Nature vs Nurture, biological determinism vs social constructivism, these are esoteric debates that will rage on. But what does it really mean to an individual where the truth of this age-old debate lies? We all still have to attempt to shape our future based on what we want and whom we would like to be. For me, Jung said it best, “Until you make the unconscious conscious, it will direct your life and you will call it fate.” What this says to me, is that the ultimate project of life is to become more aware of ourselves and the life we inhabit, so that we can make choices, as free as they can be from the environmental and biological factors that impact on us.
References
Barry, J. (Director). (2016). Moonlight[Motion picture on DVD]. USA: A24 Plan B Entertainment.
Erikson, E. H. (2014). Childhood and society. London: Vintage Digital.
Jung, C. G., Dell, W. S., & Baynes, C. F. (2009). Modern man in search of a soul. London: Routledge.
Leader, D., & Corfield, D. (2008). Why people get ill: Exploring the mind-body connection. New York: Pegasus Books.
Piaget, J. (2008).
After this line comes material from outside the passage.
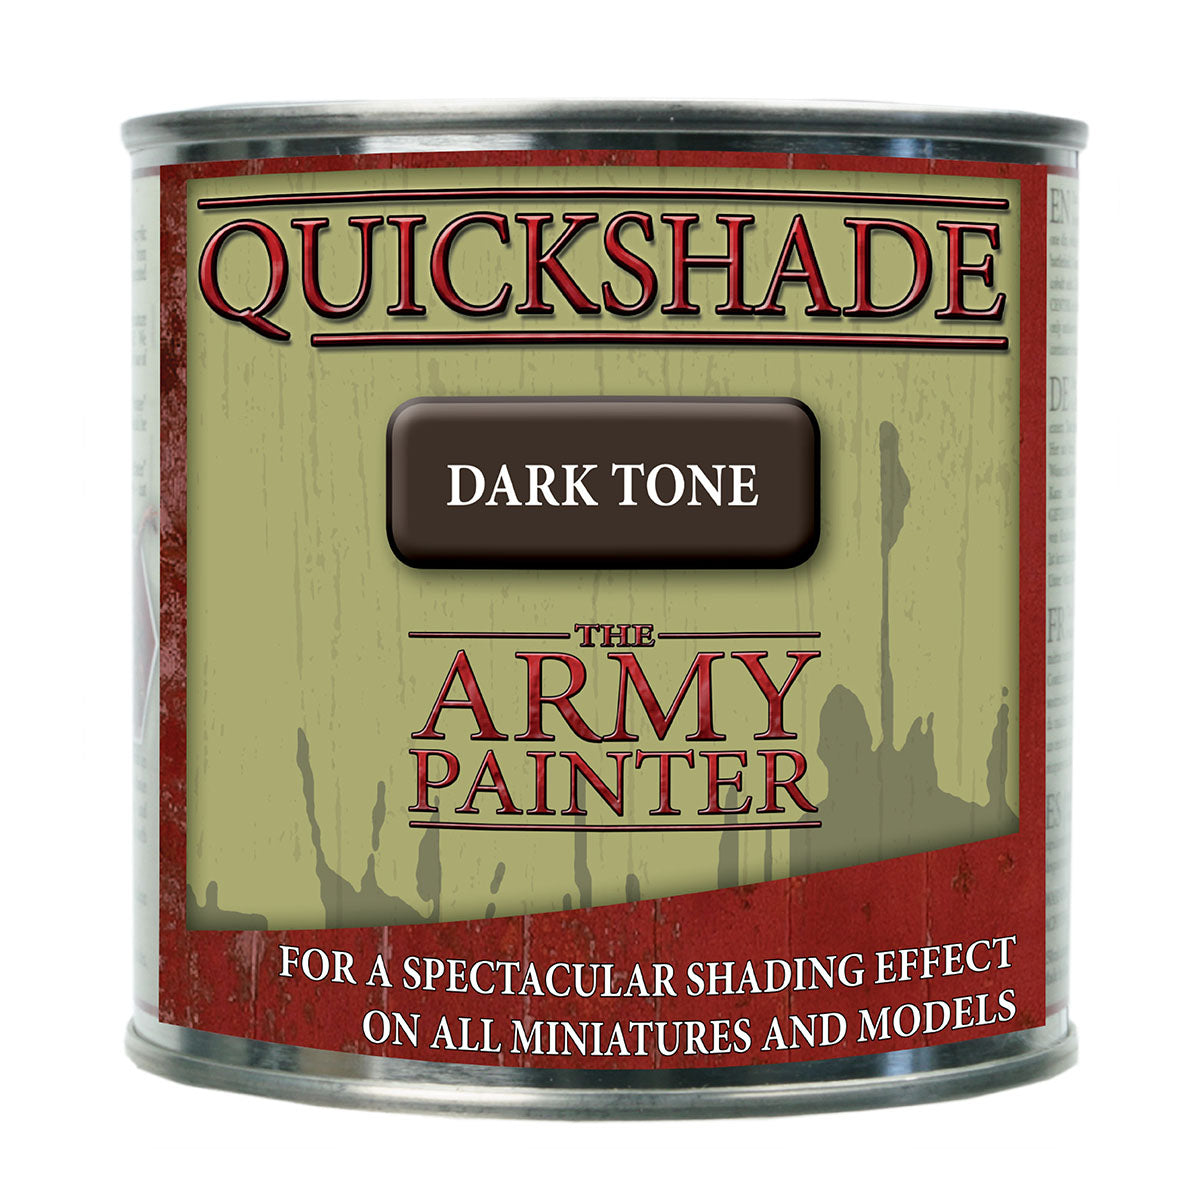 Quickshade Dip: Dark Tone
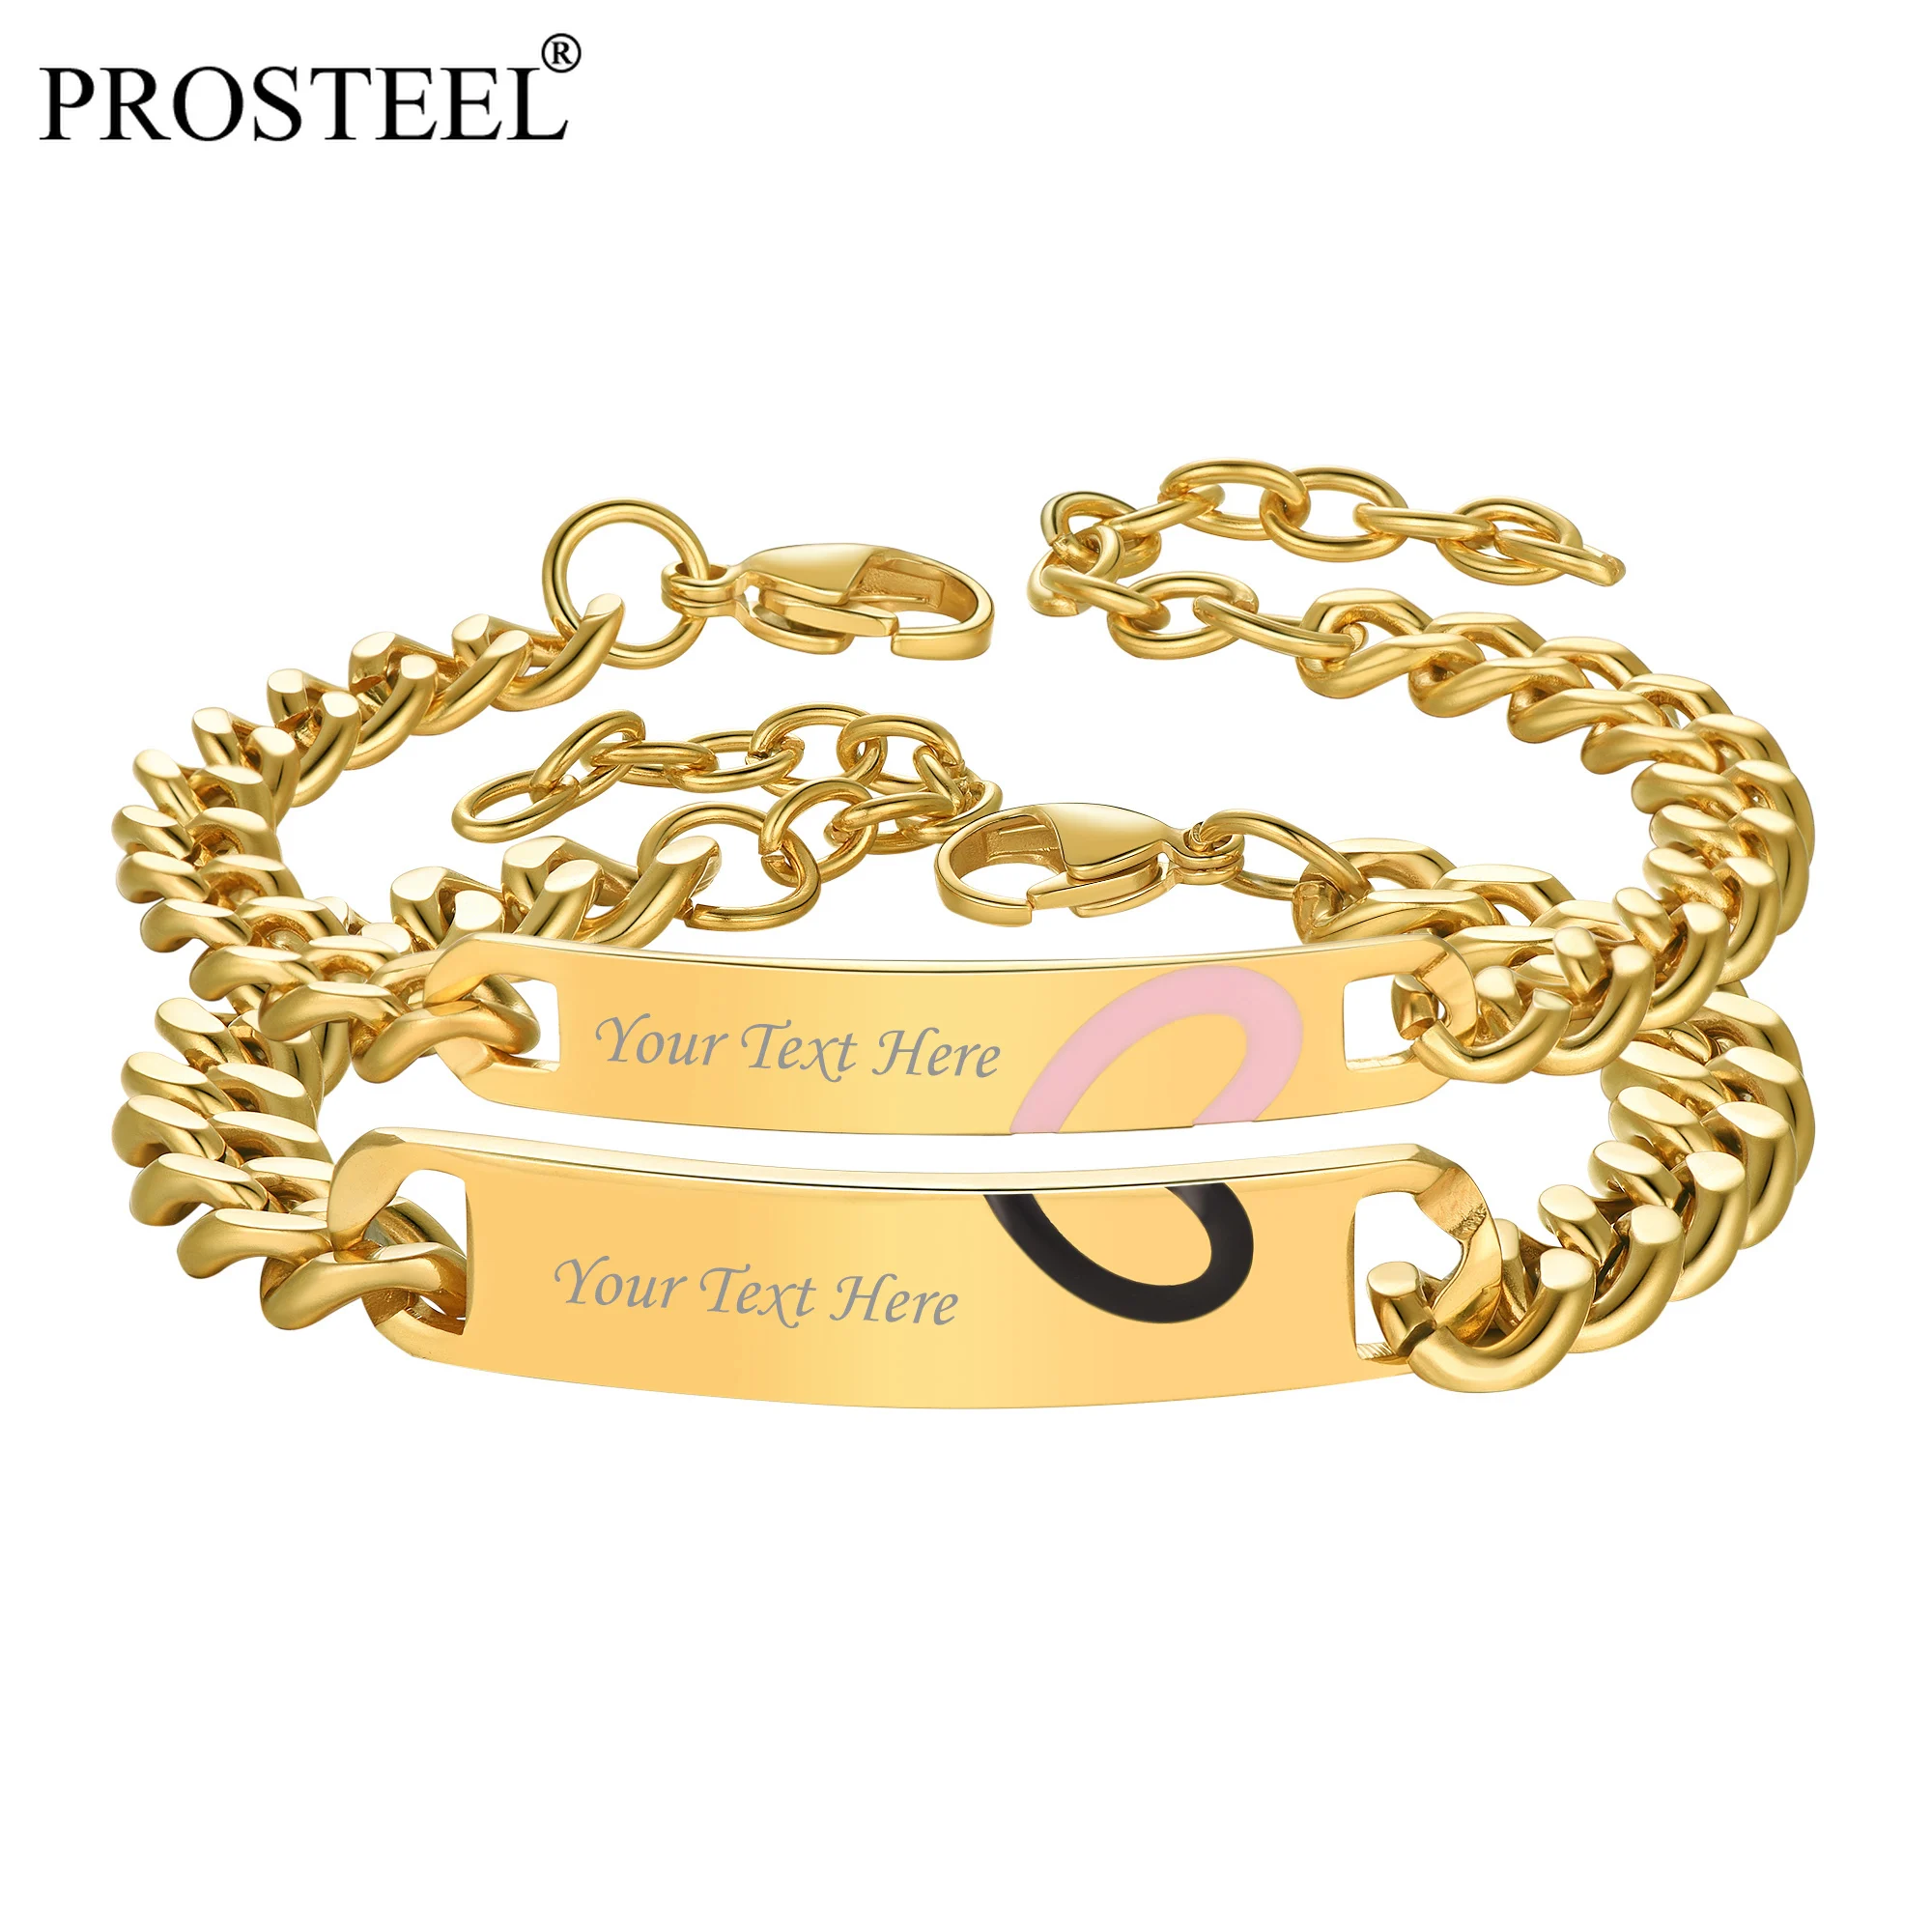 PROSTEEL-pulsera de acero inoxidable con nombre personalizado para hombre y mujer, brazalete con identificación, grabado gratis, color dorado/plateado

Intellectual Evolution from Adolescence to Adulthood. Human Development, 51(1), 40-47. doi:10.1159/000112531
Phillips, A. (2007). Going sane. New York: Harper Perennial.
Pinker, S. (2002). The blank slate: The denial of human nature in modern intellectual life. New York: Viking Penguin.
Salecl, R. (2011). Choice. London: Profile.
Stevens, A., & Rosen, D. H. (2009). The two-million-year-old self. College Station: Texas A & M University Press.